In this context, the efficacy of novel NPs was analyzed in vivo using 4T1 tumor-bearing mice in all of the aforementioned studies. Hence, it should be questioned whether using a unique murine model is appropriate to represent all the different immunological dynamics and changes of the TME that drive tumor progression in humans. Studies that use different experimental murine models may better reflect the TME of human breast tumors and might offer information about the success rates, pharmacokinetics and toxicity of novel therapies with a higher translational value to humans. Additionally, murine models are not able to demonstrate the transformation of tumors mediated by the immunoediting process that occurs in the human body through long periods of time, even decades. Therefore, the long-term effects of nanotherapies on tumor immune escape may not be completely studied using these murine models. Furthermore, the immunoediting process is continuously modifying the TME, making changes in the infiltrated populations of immune cells and varying the proportion of HLA-I-expressing cancer cells within the tumor. As a result, tumor expression of HLA-I is altered during different phases of the disease and the above-mentioned nanotherapies might lose effectiveness over time due to the loss of tumor HLA-I expression during tumor progression.

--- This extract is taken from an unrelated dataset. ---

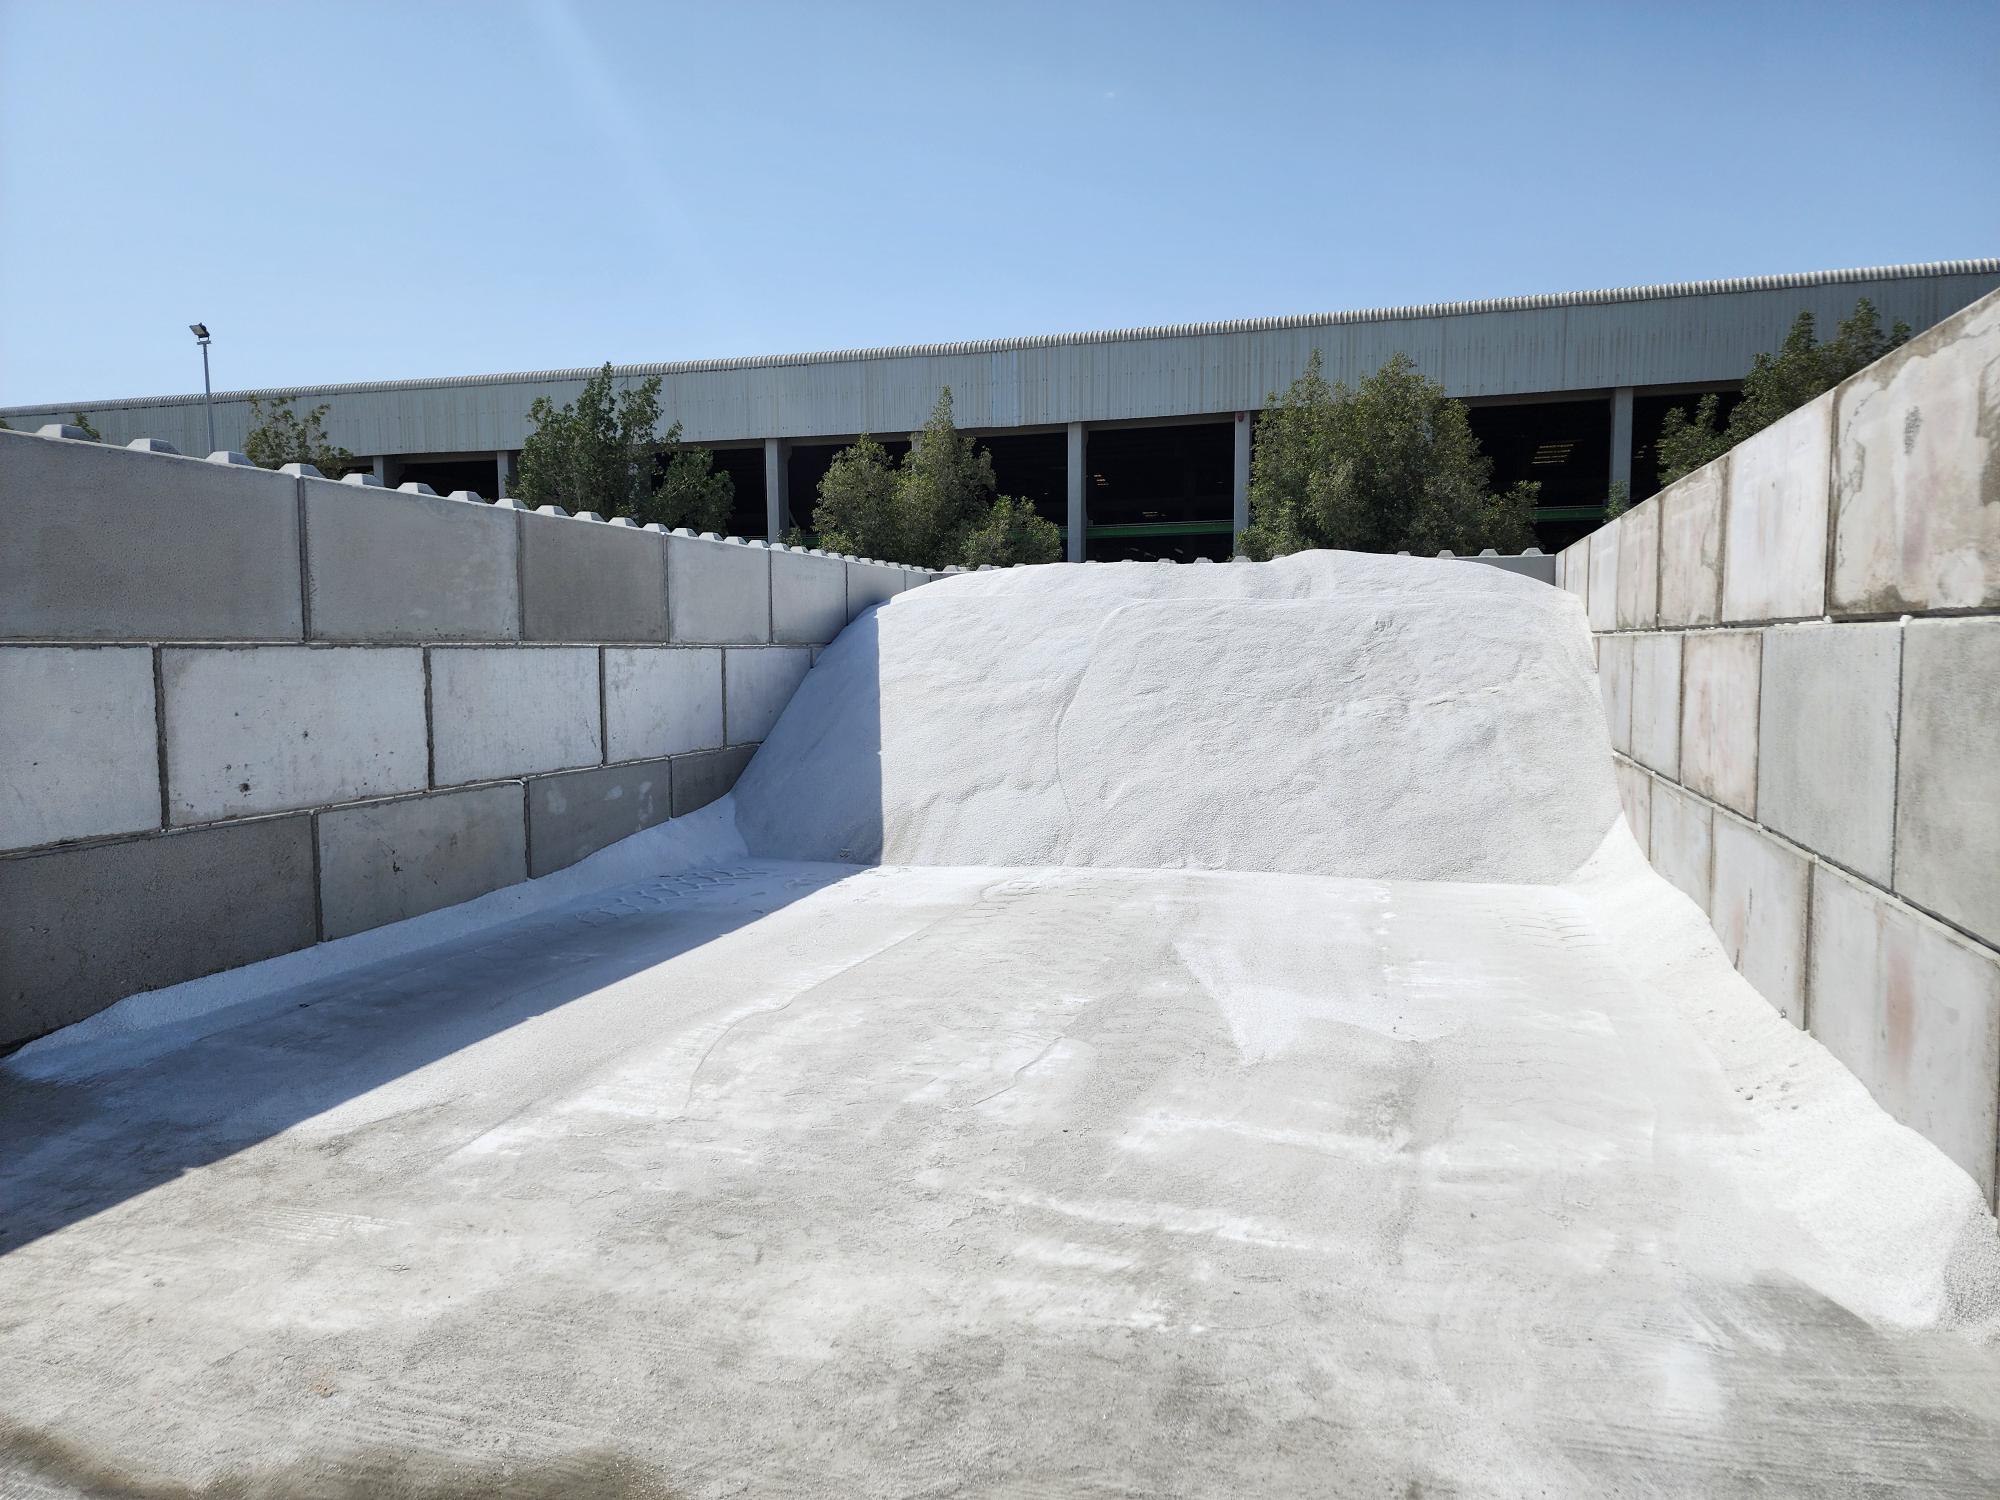 material storage bays concrete blocks

In that sense, it should be pointed out that the alteration of tumor HLA-I expression is a major issue, that is quite common in patients with breast cancer, due to which the response rates of immunotherapy are not as high as it was expected. Notably, most of the aforementioned nanotherapeutic approaches are based on the enhancement of tumor antigen presentation to trigger the antitumor CTL response. However, these strategies will not be effective if the tumor HLA-I complex is altered, as tumor antigens will not be presented to T cells even if they are activated. Considering this, evaluating this mechanism of immune escape may be crucial to improve immunotherapy outcomes in breast cancer patients. Nevertheless, to our knowledge, not a single nanomedicine strategy has been still designed to effectively target or recover HLA-I expression in cancer cells. Furthermore, none of the previous approaches evaluated the impact of tumor HLA-I expression on treatment efficacy. Importantly, patients with reversible tumor HLA-I alterations can recover in response to immunotherapies, whereas those who have irreversible defects may not significantly benefit from these treatments. Therefore, the analysis of tumor HLA-I expression is a potential biomarker tool for patients to select the most effective treatment. Thus, studying tumor HLA-I expression should also be taken into account in the development of innovative nanomedicine approaches, in order to take the most advantage of their immunotherapeutic potential. In addition, HLA-I independent nanotherapies, such as strategies based on CAR-T cells or NK cells, should also be improved in future studies, as their therapeutic efficacy may not be affected by the loss of HLA-I expression during the evolution of cancer.

In conclusion, numerous nanomedical approaches have been demonstrated to effectively override many mechanisms of immune escape in breast cancer and enhance the efficacy of the existing therapies. Even though the resolution of some drawbacks of nanomedicine is still necessary, the overcoming of tumor immune escape using nanomedicine offers great preliminary promise. Therefore, nanomedicine provides the opportunity to dramatically improve cancer immunotherapy and opens the door to a novel and revolutionary concept of breast cancer treatment.